Catastrofe, tracollo, fallimento. Si sono sprecati i sostantivi per descrivere la sonora sconfitta del centrosinistra alatrense alle comunali. Un centrosinistra per la prima volta rimasto fuori dal ballottaggio, capace di raccogliere meno del 20% con Di Fabio candidato a sindaco. Una debacle frutto di diversi errori, a partire dalle spaccature e divisioni interne che, prima del voto, hanno attraversato il Pd e da un'azione amministrativa che, a giudizio degli elettori, non è stata meritevole di un'ulteriore conferma.

Che qualcosa non funzionasse a dovere lo aveva capito lo stesso Di Fabio, il quale ha provato a puntare su un restyling della coalizione ("Una nuova squadra per Alatri", il suo slogan), che però non ha convinto la cittadinanza. Di Fabio ha pagato strategie errate, problemi irrisolti, temi insoluti, scelte che non sono piaciute agli alatrensi, oltre ad una chiara difficoltà comunicativa che per anni ha contraddistinto l'amministrazione uscente. "Gap" che non si potevano recuperare nell'arco di pochi mesi.

In più, ci sono state le cifre deludenti per molte delle liste (crollo del Pd, performance insufficienti di "Alleanza per Alatri" e "Liberamente Alatri"); la lista democrat, ad esempio, è passata dai 2.720 voti (15,99%) presi nel 2016 ai 1.162 (7,64%) di oggi, meno della metà.
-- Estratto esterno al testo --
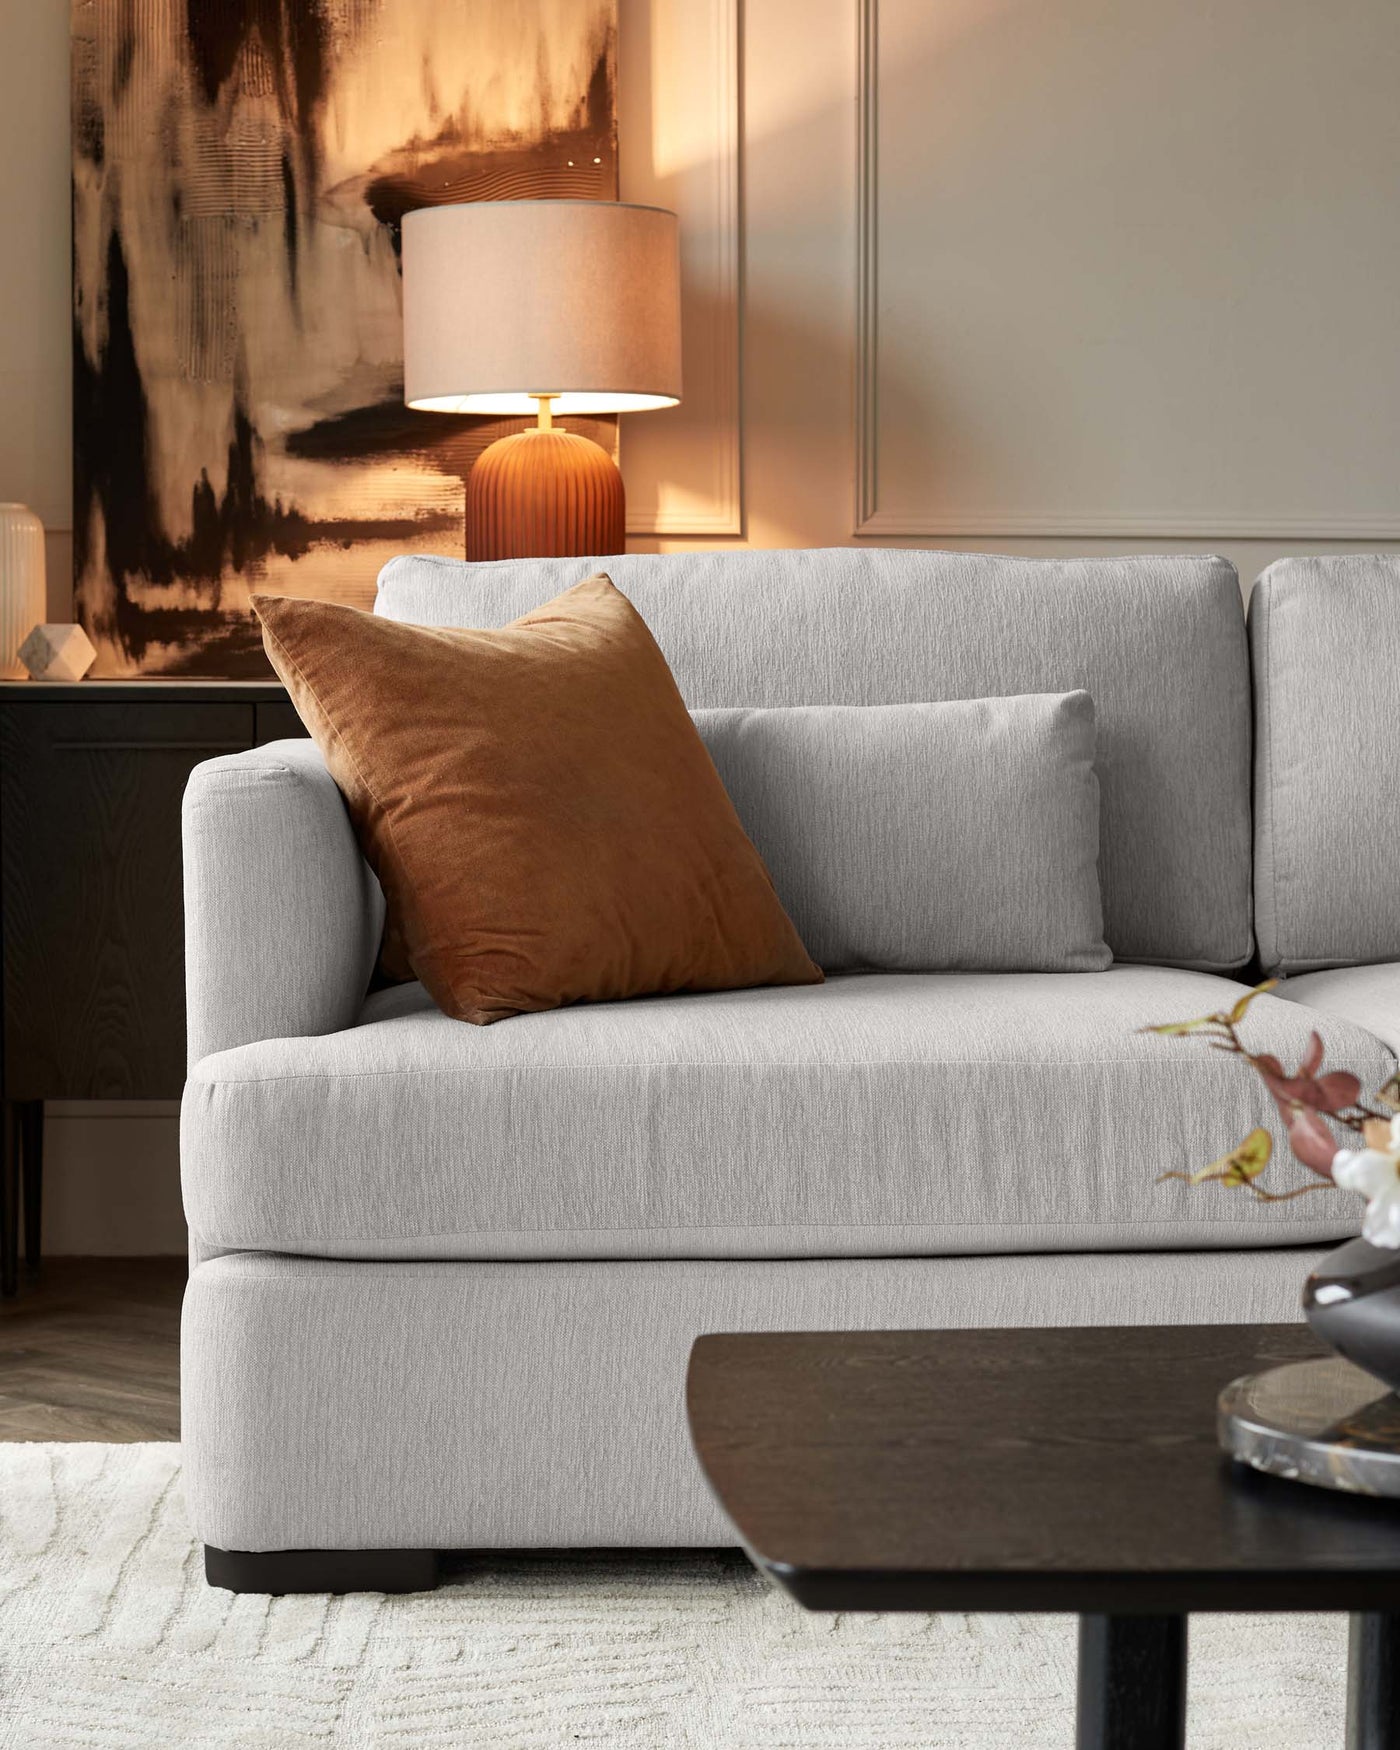 A contemporary living room setting featuring a light grey fabric sofa with clean lines and plush cushions. The sofa is adorned with one terracotta-coloured throw pillow. In the foreground, a dark wooden coffee table with a rounded triangular shape provides contrast. Behind the sofa, a stylish table lamp with a ribbed ceramic base and a beige shade creates a warm ambiance. The furniture arrangement is placed on a textured off-white area rug, giving the space a cosy and inviting feel.

Si potrebbe obiettare che le possibili alternative avrebbero comportato la "morte politica" del Pd, ma il fragore del botto è stato di portata eccezionale, anche perché il centrosinistra ha perso in modo netto nella città di Mauro Buschini e Luca Fantini.

Proprio il segretario provinciale Pd ha fatto un'onesta valutazione della situazione e, senza giri di parole, ha detto che andrà fatta «un'analisi profonda su Alatri, dove registriamo una sconfitta pesante. Il risultato impone una riflessione importante, specie a chi ha amministrato la città negli ultimi anni perché si tratta di un voto disastroso. Grazie, in ogni caso, a Fabio Di Fabio per essersi speso con coraggio e passione». La ripartenza del centrosinistra può avvenire dai giovani come Matteo Recchia, uno dei pochissimi a brillare.